RHYS – Beg, and I'll consider not telling her.


(TAMLIN gets on his knees, bowing his head)


RHYS – Lower. (pause) You too, fox-boy.


(LUCIEN gets on his knees, bowing his head)


RHYS – Are you doing this for your sake, of for hers? (shrugging) You're far too desperate, Tamlin. It's off-putting. Becoming High Lord has made you so boring.


TAMLIN – Are you going to tell Amarantha?


RHYS – Perhaps I'll tell her, perhaps I won't.


(TAMLIN lunges at RHYS. RHYS holds up a hand)


RHYS – None of that. Not with a lady present. (to FEYRE) What's your name, love?


NARRATOR – To give him my family's name would have been suicide, so I blurted the first name that came to mind.


FEYRE – Clare Beddor.


NARRATOR – She was a village friend of my sisters whose face I couldn't recall.

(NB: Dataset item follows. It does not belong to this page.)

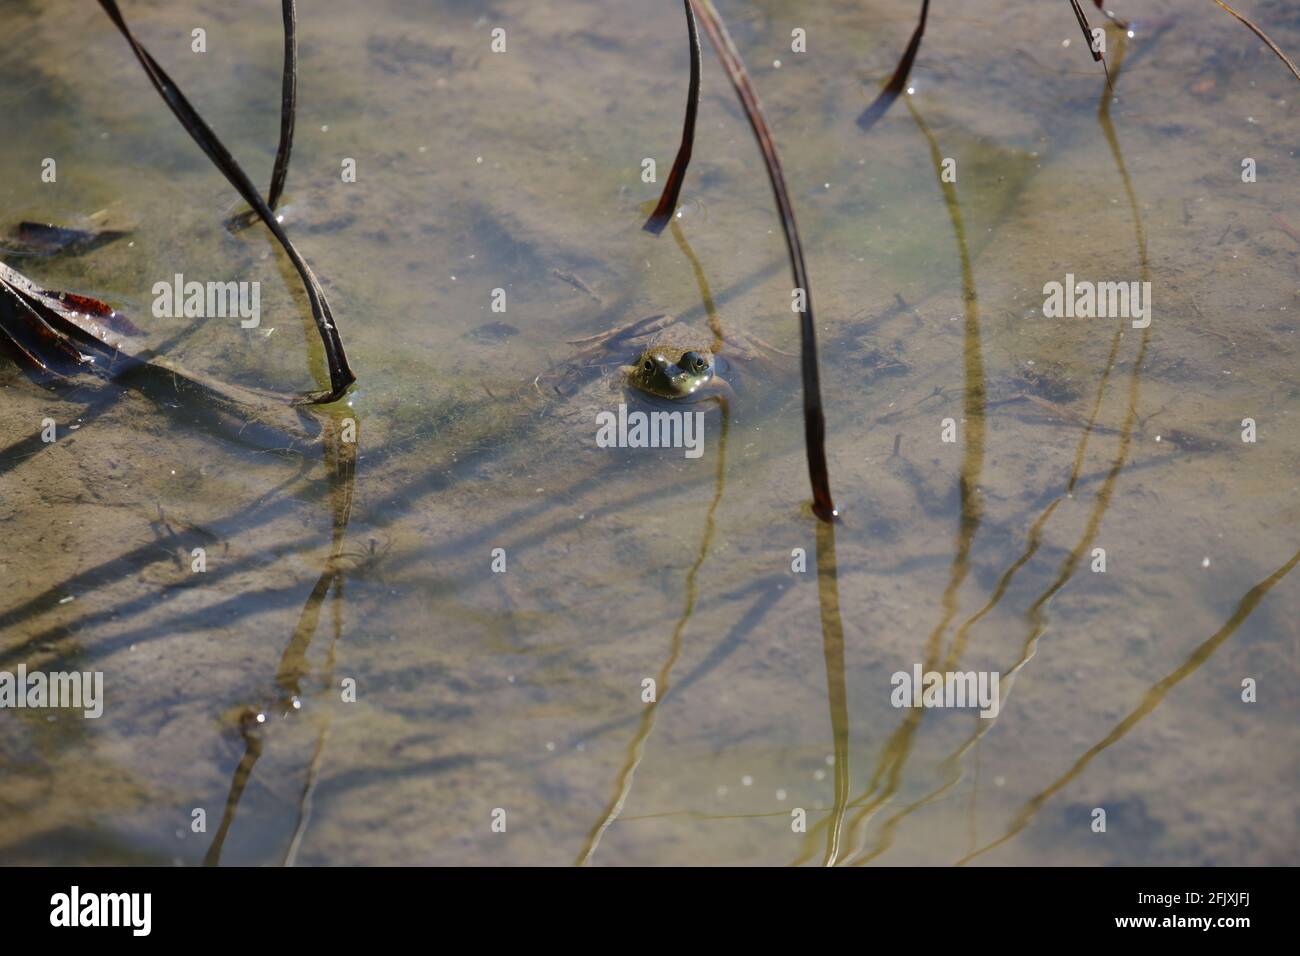 Frog's eyes looking above water in shallow pond Stock Photo

RHYS – (to TAMLIN) Well, this was entertaining. The most fun I've had in ages, actually. I'm looking forward to seeing you three Under the Mountain. I'll give Amarantha your regards.


(lights dim)


NARRATOR – Rhysand vanished into nothing – as if he'd stepped through a rip in the world – leaving us alone in horrible, trembling silence.